Roinin is perfect as the young, addled Briony, embodying the naïve, vengeful, and willful aspects of a child matured by events, not time, a person too young to understand the nuances of adult motivations, but old enough to act upon her instinctual responses to them. Knightley, less jaws and bones in this film and more flesh and blood, creates the part of Cecilia with a combination of cut-glass, upper class inflection and a slightly haughty demeanor, thawed only by her passions for Robbie and the tragedy that plays rack and ruin with their lives. McAvoy, plying his boyish charms and handsome affability, is heartbreaking as Robbie, the poor boy with promise. Brenda Blethyn as Mrs Turner and two older Brionys, Romola Garai and Vanessa Redgrave, round out the saga.

What is tragic, what is beautiful, and what is heartrending about this film is the simple act that set everything asunder. But once shown through the wider lens of eventual happenings, actions and motivations become much more clear and round out the framework of the story. The much beloved novel, written by Ian McEwan, had fans in tears and rages as it was read by book-clubbers and lit lovers alike, and Joe Wright, working from Christopher Hampton’s script, lends a matured hand in guiding this grand epopee to the big screen. What could have a been a sentimental, melodramatic mess, what with its estate settings and World War Two acting as a catalyst, the film is instead a sensitive and smartly told story of love gone wrong, set amid the grandest of misunderstandings. Wright creates tension and discord with his direct, detail –rich shooting style, showing events first as Briony sees them and then as they really happened. What is first seen through a child’s eyes seems shocking, uncomfortable, and difficult to comprehend. As the film progresses and each character is tossed into the calamity of war, the point of view is taken from Briony and instead is broadened to represent a third person telling. Briony’s fate, as with the fate of Robbie and Cecilia, becomes a mystery, their details unfolding only as the plot thickens.

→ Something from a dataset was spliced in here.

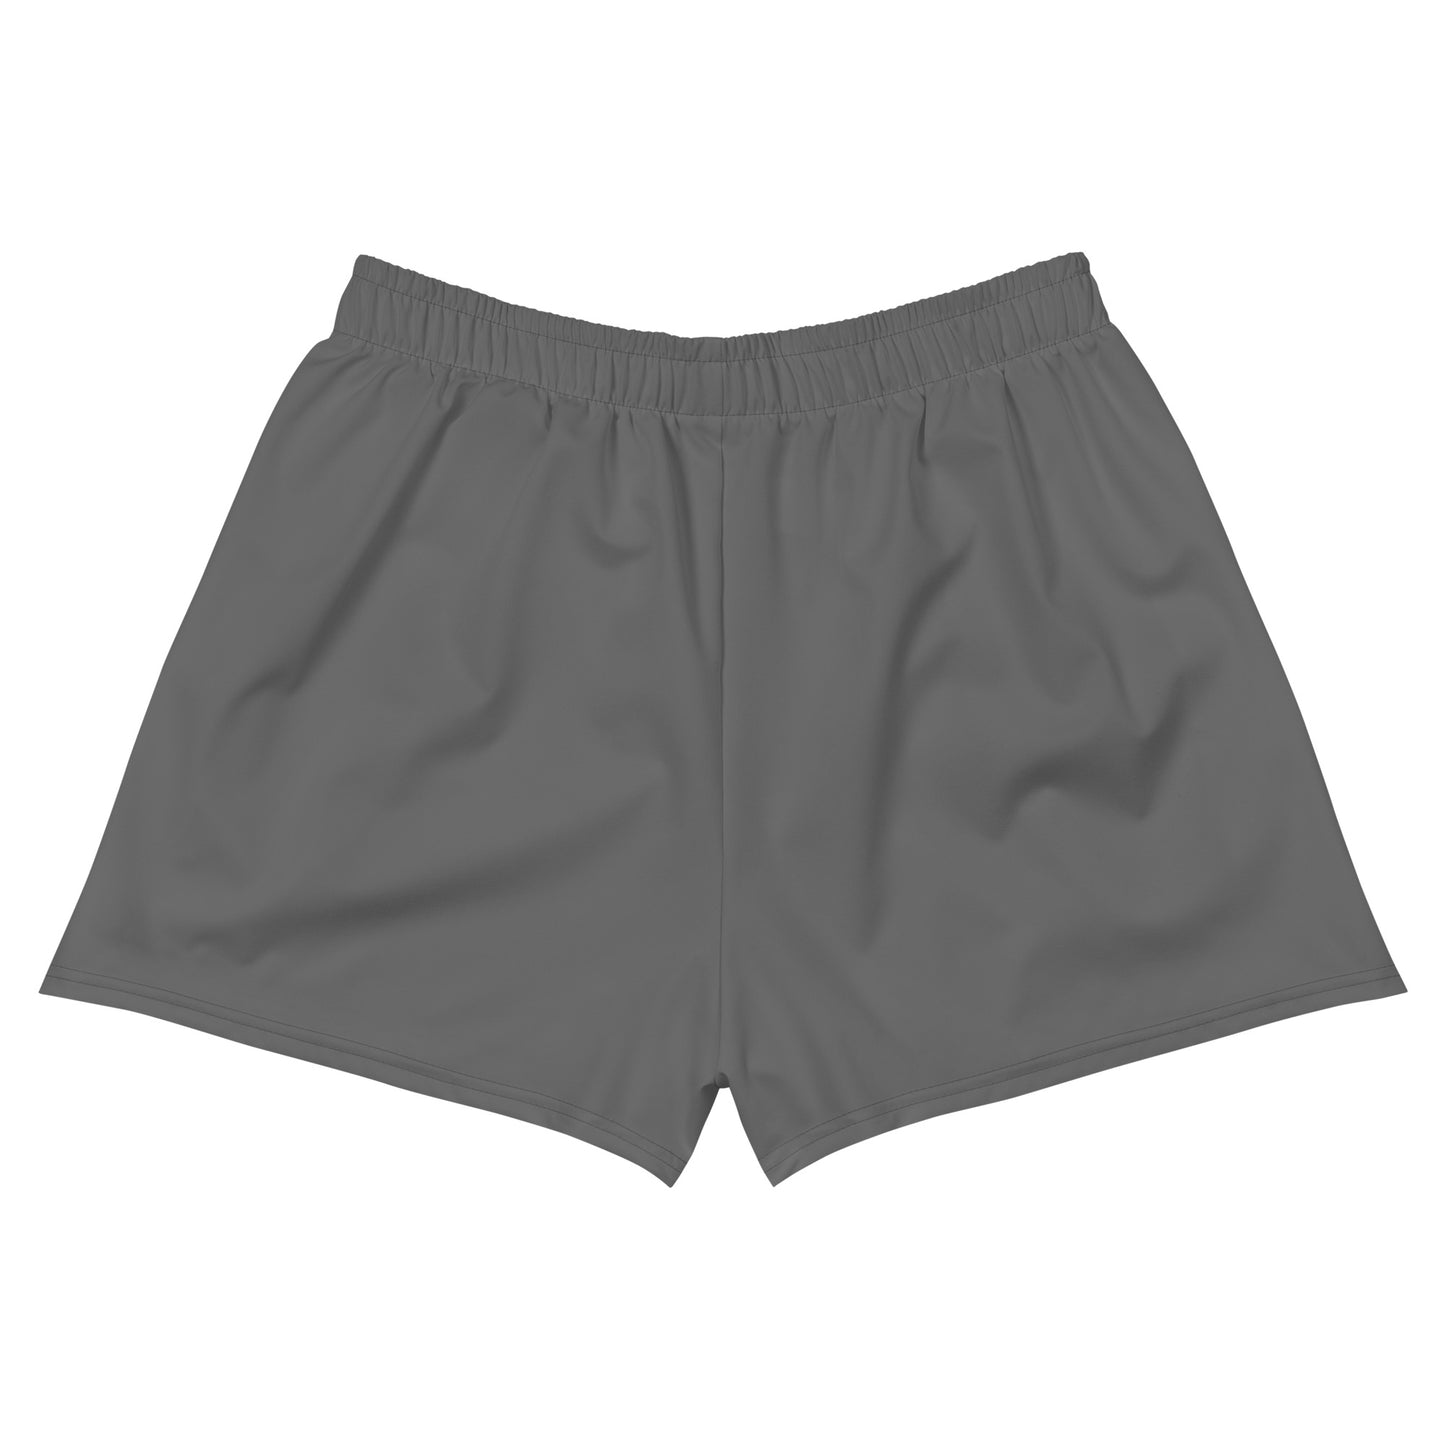 Humble Sportswear, women's eco-friendly shorts, women’s color match shorts, running shorts for women

Robbie’s time in the army is given to us in fragments, his relationship with Cecilia told only in remembered whispers and half-forgotten letters. What really happens to them is scattered piecemeal as the film clips along, marching to the pulse of damningly redemptive typewriter. When Briony is revealed to be a junior nurse to the Allied forces, things are still not as they seem, nor as Briony imagines them. The future, as with the past, is still in Briony’s hands, and ultimately she is the one in control of the truth and the fates of her sister and Robbie Turner. McAvoy is heartbreaking as the jaded and destroyed Robbie, bleeding and starving his way through the fields of France with two rag-tag comrades-in-arms, and Knightley retains an impoverished dignity as she works through the wards of the sick and the dying. No overlong moments of longing or great passages of love letters are given as the two lovers lives are lived apart, but instead the brief moments they shared together as they work toward the time when they could be together again. The story plays with time and settings so that orientation within the film is as gauzy and nebulous as only days filled with anguish and uncertainty can be, and Hampton’s script plays not in sentimentality but on simplicity, focusing on circumstance, not feeling. The result is a film that leaves fact and supposition at perfect odds with each other, leaving the damning truth to the very last.

Atonement is a triumph, a chariot bearing the glorious twinning of talent with great storytelling, the glittering smiles of its attractive cast, the glad achievement of its young director and the grand assurance of its place in the roster of excellent literary adaptations and just plum terrific films. It is a tragedy well told, and just in time for awards season. As Lady Macbeth lamented “what is done cannot be undone”, and this may be so, but then, there would be no Atonement.